His comments came after The Times reported Indians accounted for the vast majority of the nearly 30,000 non-European foreign workers who came to Britain under intra-company transfers last year - up from 15,400 when Labour came to power in Britain.
“This is another sign that [Prime Minister] Gordon Brown’s ‘British jobs for British workers’ was a meaningless soundbite,” Green added.
The Times quoted figures released by the government’s Border and Immigration Agency as showing that seven of the top ten companies bringing in IT workers were Indian.
Topping the list is Tata Consultancy Services, which sponsored 4,465 intra-company transfers last year, followed by Infosys Technology with 3,030.

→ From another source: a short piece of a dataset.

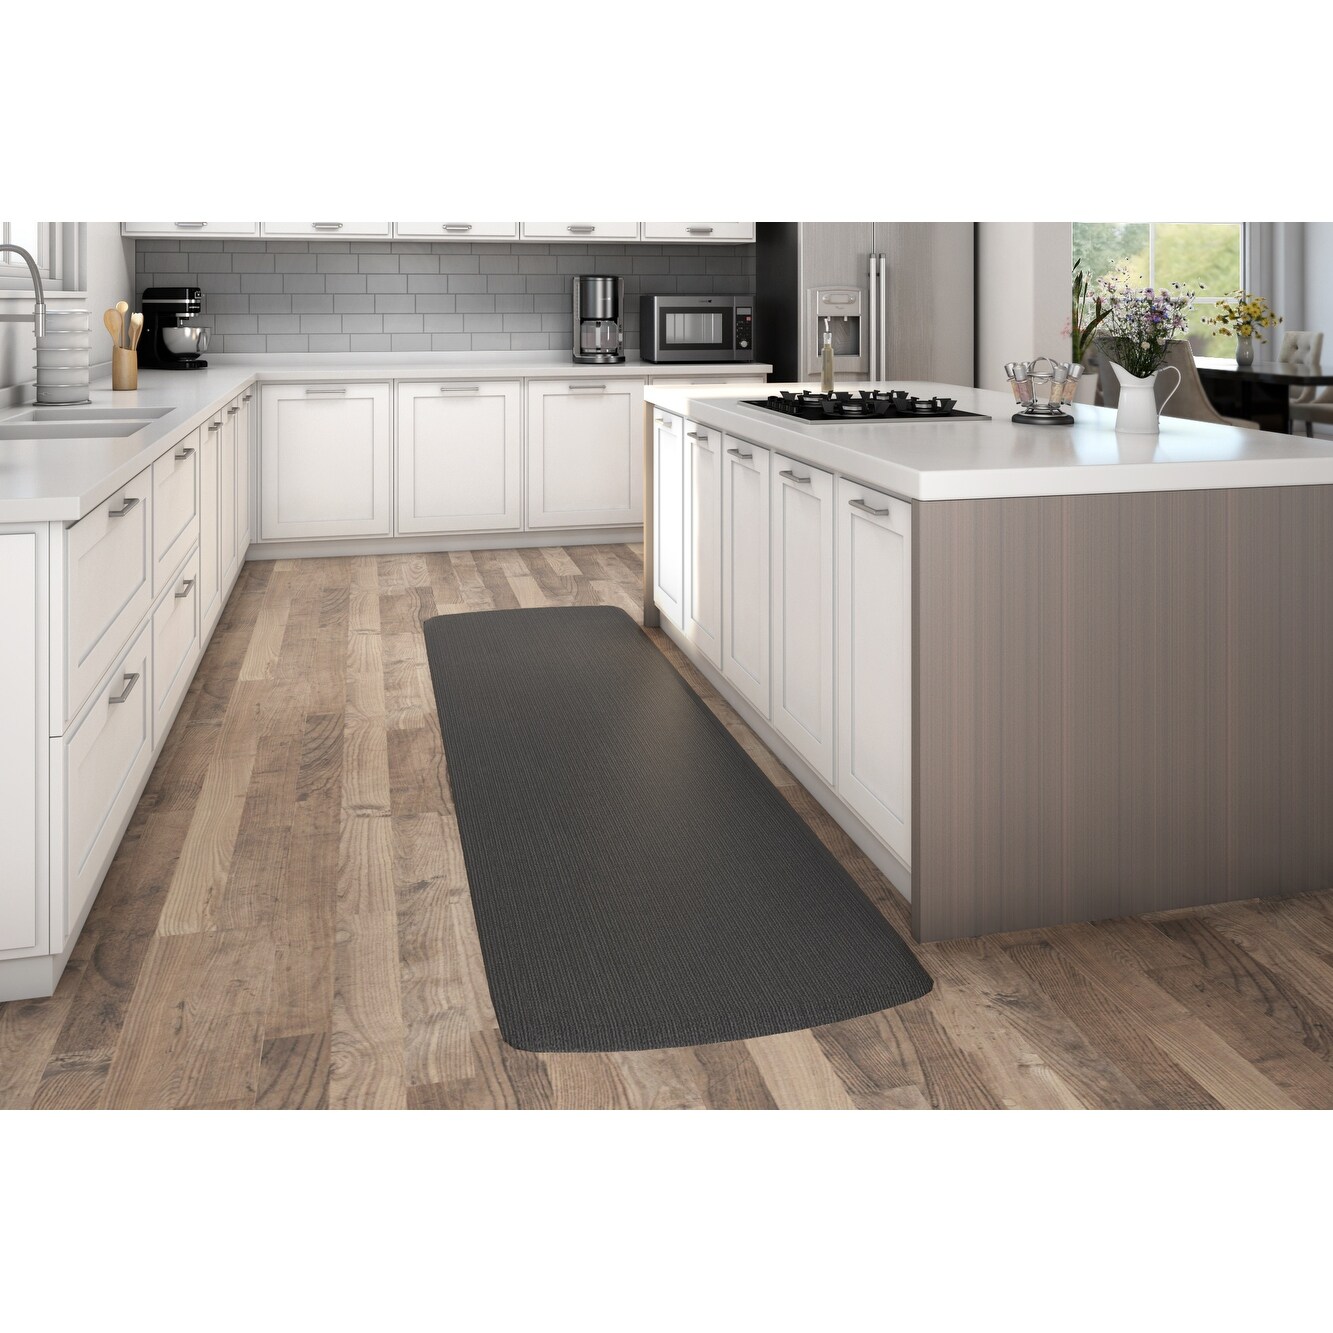 https://ak1.ostkcdn.com/images/products/is/images/direct/bcdfc8483ba1142bc420f475663f54bf5ed1f7a3/Designer-Comfort-Grasscloth-Anti-fatigue-Kitchen-Mat.jpg

Ann Swain, the chief executive of the Association of Professional Staffing Companies, which represents recruitment companies, told the paper intra-company transfers were being abused to fill lower level roles in which the skills used are largely standardised.
“Intra-company transfers are being done on an almost industrial scale,” she said.
She added: “Foreign companies are supposed to pay workers brought in on intra-company transfers UK market rates but you have to wonder whether there is some economic benefit to transferring Indian workers from a low-wage economy to Britain.”
Tata Consultancy Services, which builds and maintains IT systems for government departments and British-based firms, said that it needed to bring in additional staff to meet an increased demand for its services and expertise.
“Intra-company transfers are temporary, typically only lasting for around 17 months, when the employee will return to their home base.
“Where we can identify the need for a permanent UK-based role then it is our preference to have UK nationals doing that work,” Keith Sharpe, the European marketing director at Tata, said.